One of the people concerned about the lack of testing was a physician working for HIV/STD prevention in the North Carolina Department of Health and Human Services. After meeting with him and his HIV/STD prevention colleagues, where we described how written informed consent was a significant barrier to HIV testing in ED settings, they were able to push a rule change through the state legislature that no longer required written informed consent, but rather the option for the individual to give oral consent or, if they chose, opt out of testing. We also arranged with our HIV clinic to report all positive HIV tests to them so they could follow up, relieving our ED physicians of that responsibility. Despite this, in a recent survey of ED patients, only 18% of people tested for syphilis, a key risk factor for HIV acquisition, had an HIV test ordered. It is difficult to believe that the other 82% knew their HIV status.

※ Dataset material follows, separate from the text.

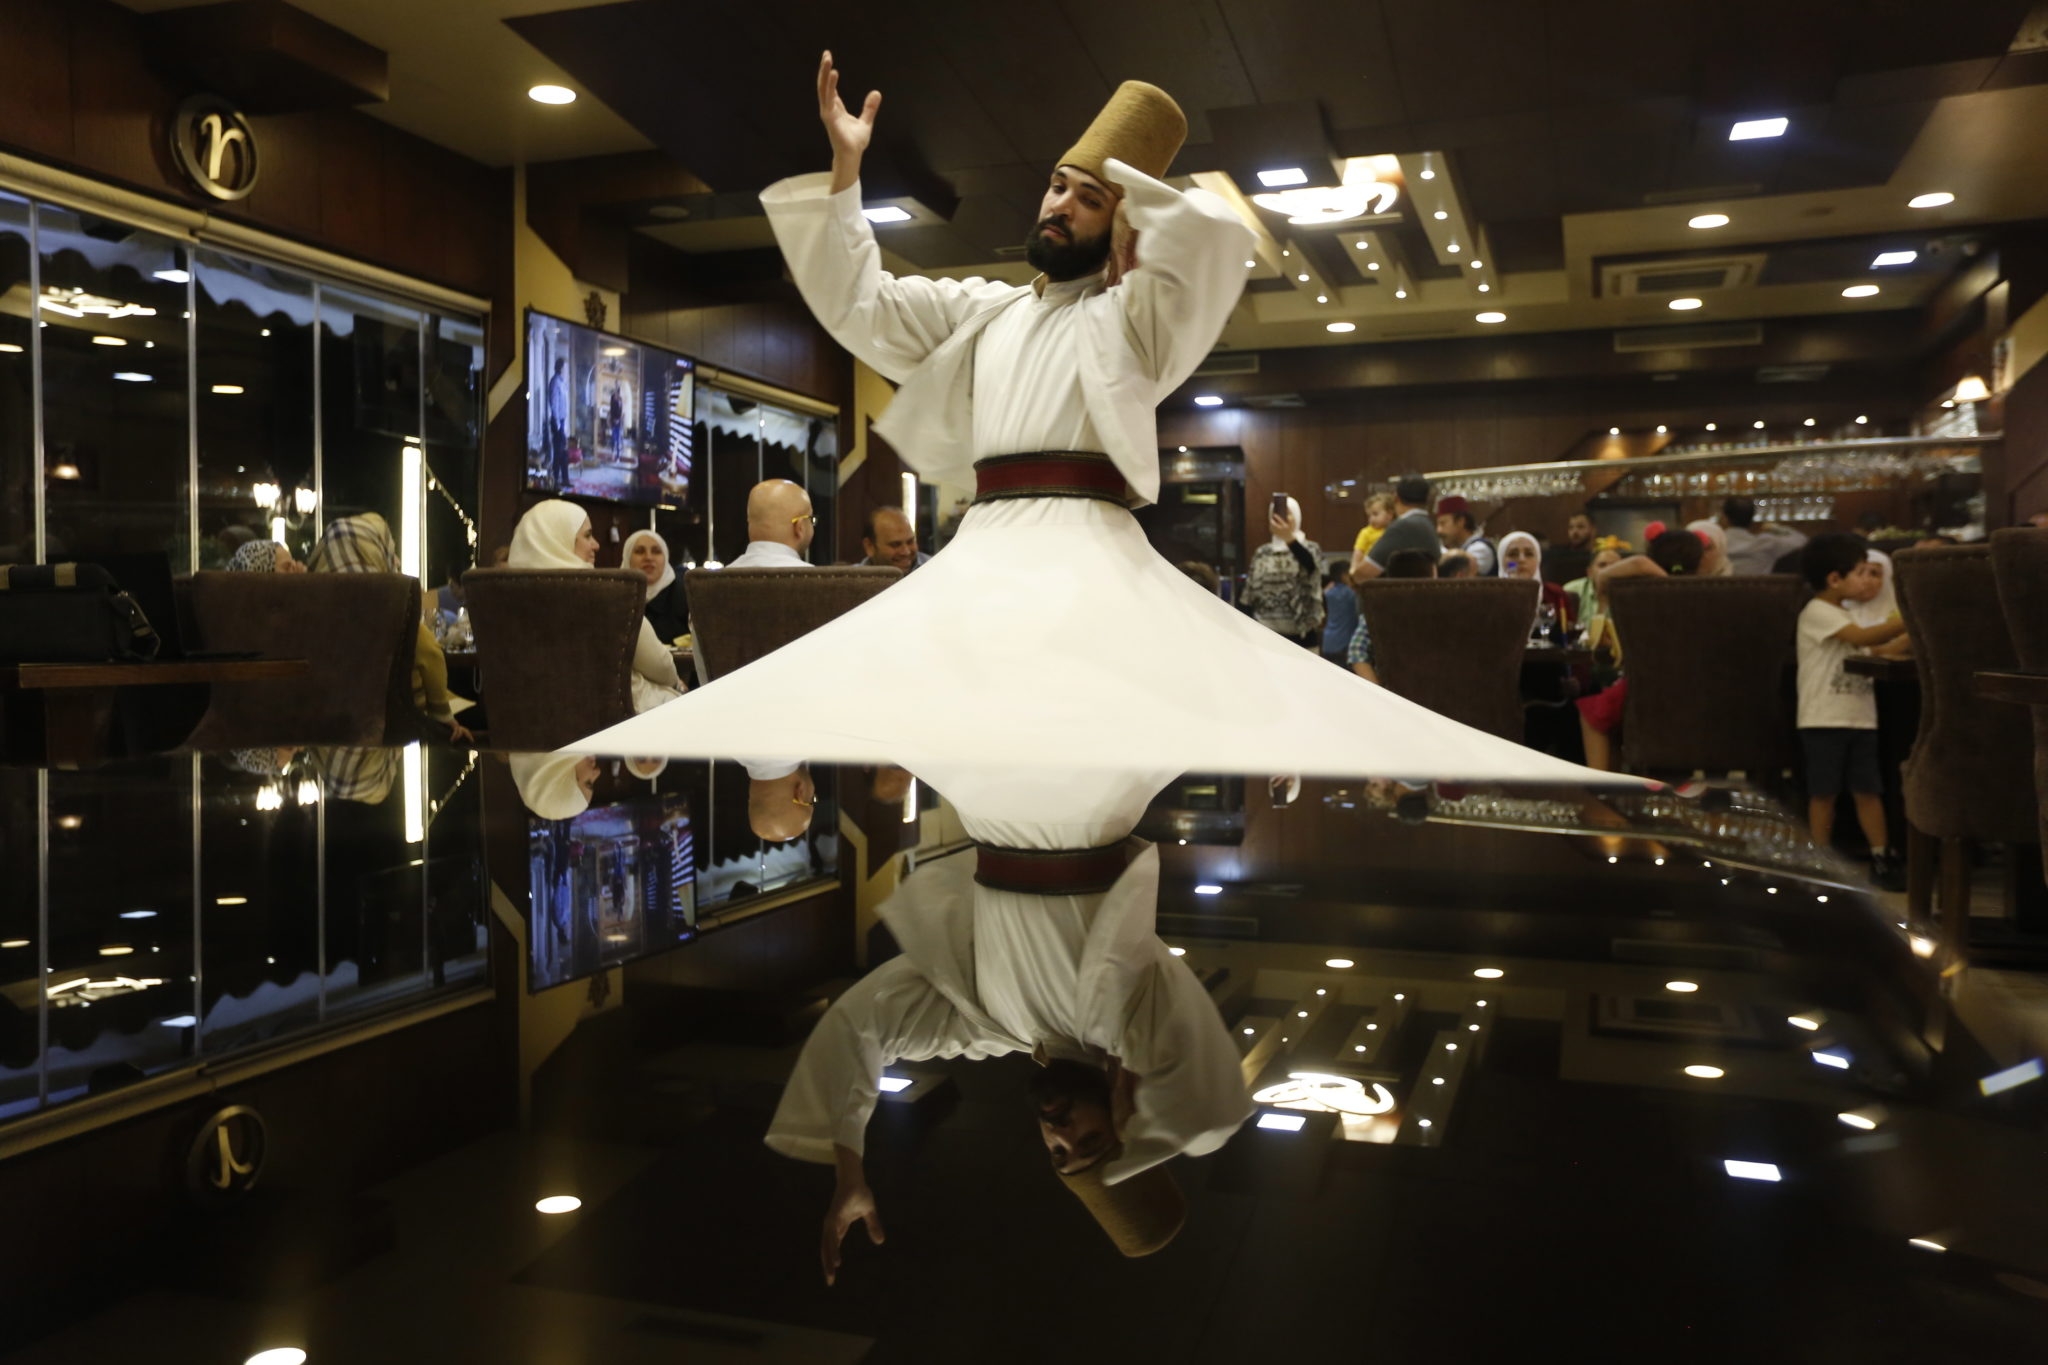 Syria, restauracja w Damaszku: tancerze występują w ramach rytuałów świętego miesiąca Ramadanu, podczas którego muzułmanie powstrzymują się od jedzenia, picia i kontaktów seksualnych od wschodu do zachodu słońca, fot. YOUSSEF BADAWI, PAP/EPA

The CDC currently estimate that 40% of all HIV infections is spread by people who do not know they are infected. This is tragic given the availability of pre-exposure HIV prophylaxis, PrEP, to prevent them from spreading this virus to those they love.
The lesson learned from HIV is the ability to develop, deliver and widely disseminate novel diagnostics is a key component in combating a pandemic. In the critical, initial stages of the COVID-19 pandemic, there was a failure in the U.S. to apply the lessons learned from the HIV pandemic. With global warming and greater urbanization, the likelihood of more frequent viral pandemics must be faced. Using the remarkable diagnostic tools that have been developed in the past decade and the clinical microbiology community’s experience with both HIV and SARS-CoV-2, clinical microbiologists are more than capable of responding rapidly to future viral pandemics.